Poupar os recursos naturais da Terra
O americano Robert Costanza é um dos pais da economia ecológica. Foi ele o primeiro cientista do mundo a atribuir valores à natureza. Em 1997, junto de colegas da academia, publicou na revista Nature um estudo que estimava o preço dos bens ecológicos: em torno de US$ 33 trilhões (cerca de US$ 45 trilhões nos dias atuais). Criar um valor financeiro para a biodiversidade é o melhor caminho para que empresas, comunidades, governos e organismos internacionais entendam, com clareza, a urgência de proteger o meio ambiente e usar seus recursos com cautela. É uma maneira eficaz de responsabilizar quem desperdiça e premiar quem conserva.
Costanza é hoje professor de sustentabilidade da Universidade de Portland. Defende que o sucesso das economias não deve ser medido pelo valor do Produto Interno Bruto (PIB), que contabiliza apenas as riquezas materiais geradas. Acha que é necessário descontar desses ganhos os gastos com a poluição do ar, os resíduos, a destruição da floresta. A métrica ideal seria o chamado GPI (Indicador Genuíno de Progresso, na sigla em inglês). Em entrevista à Época, Costanza explica por que a biodiversidade e os serviços dos ecossistemas são cruciais para nossa sobrevivência. E afirma que a sociedade precisa consumir menos se quiser salvar o planeta.
ÉPOCA - Por que a biodiversidade é importante?
Robert Costanza - A biodiversidade é a estrutura dos ecossistemas. É o nosso capital natural. É importante por muitas razões. O capital natural fornece uma ampla gama de valiosos serviços dos ecossistemas, sem a qual a humanidade não poderia sobreviver.
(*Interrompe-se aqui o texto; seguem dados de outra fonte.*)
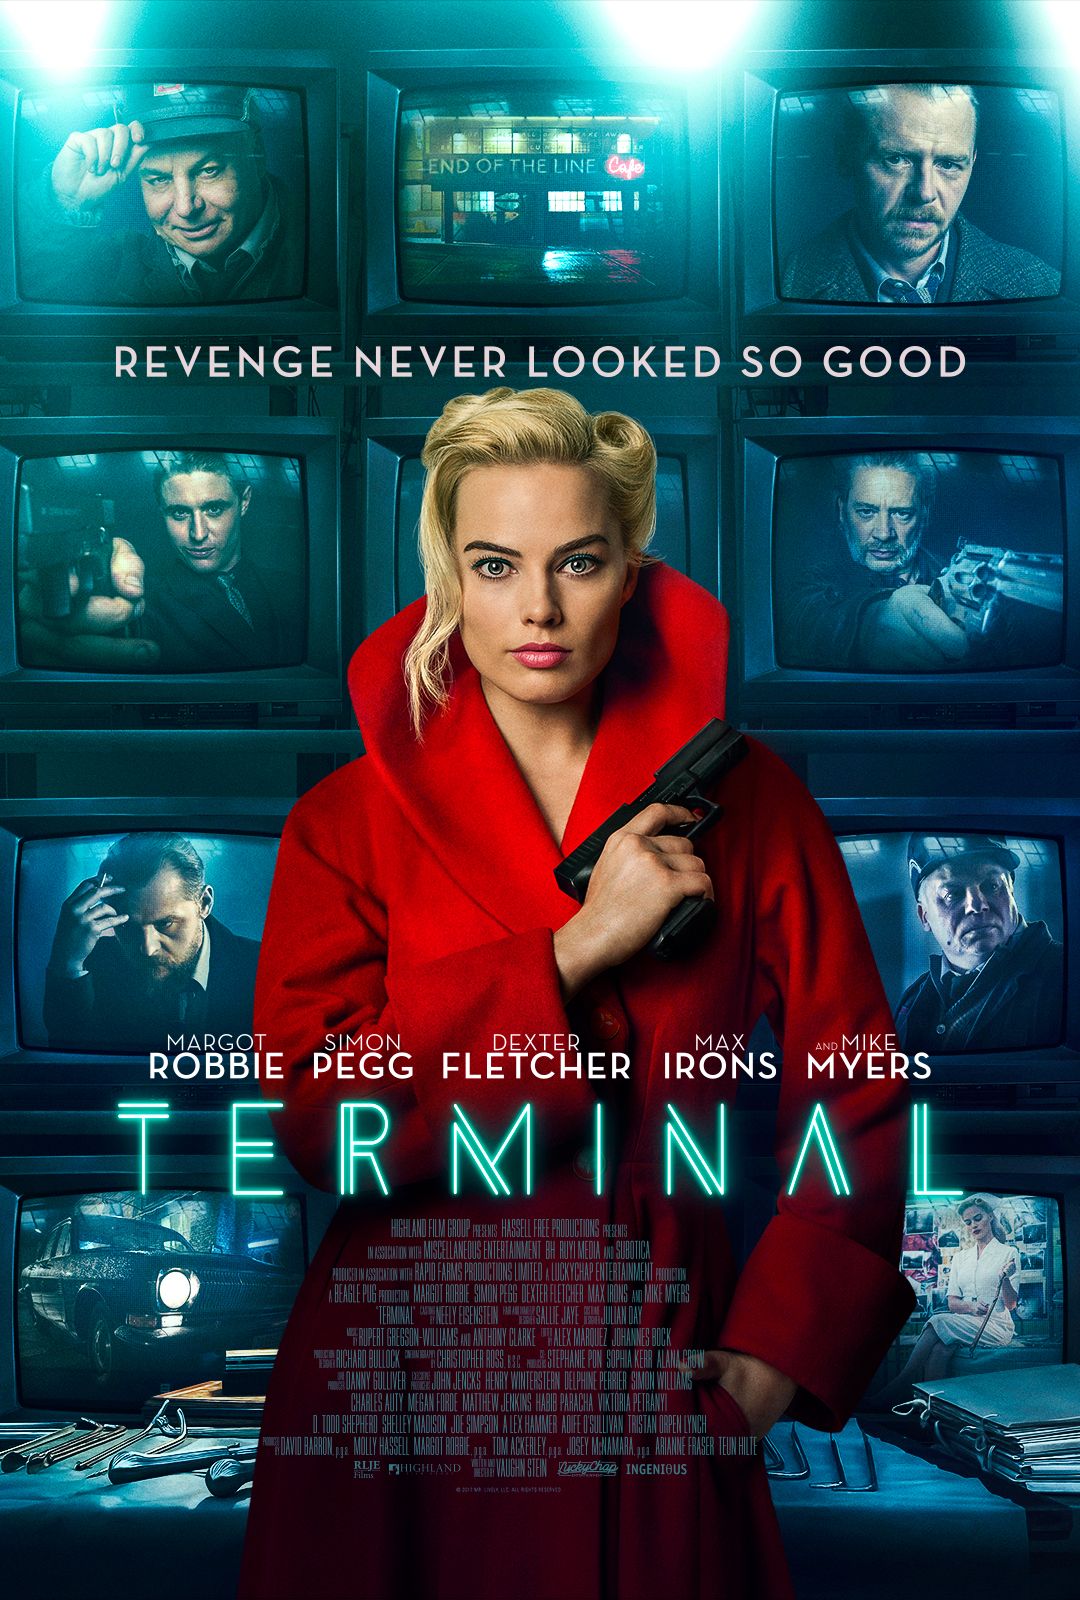 Margot Robbie Is a Femme Fatale in the First Terminal Posters | Collider

ÉPOCA - As pessoas tendem a acreditar que ajudar a biodiversidade é salvar o tigre de bengala. Como mostrar a elas que os animais, as plantas e os serviços prestados pela natureza afetam diretamente suas vidas?
Costanza - Nós estamos começando a compreender melhor as conexões entre a complexidade dos ecossistemas e o bem-estar humano. Caracterizar e quantificar essas conexões pode ajudar as pessoas a entender a biodiversidade. Os moradores da Louisiana agora compreendem o papel dos pântanos costeiros na prevenção de tempestades. Nós estimamos que o valor total dos serviços ecossistêmicos de todo mundo é maior que o PIB global.
ÉPOCA - O senhor foi um dos primeiros a calcular os prejuízos da destruição da natureza. Como se faz esta conta?
Costanza - Existem vários métodos diferentes. Um das mais simples de entender é o do custo evitado. Por exemplo, se nós perdemos as zonas úmidas costeiras, os danos com as tempestades vão ser maiores.
ÉPOCA - Medir essas externalidades é mais complexo, por exemplo, que avaliar os impactos das mudanças climáticas, cujos reflexos são claros. Isso não desacredita o cálculo?
Costanza - Não, esses cálculos sempre são aproximações.
ÉPOCA - Há alguém pagando por esses prejuízos?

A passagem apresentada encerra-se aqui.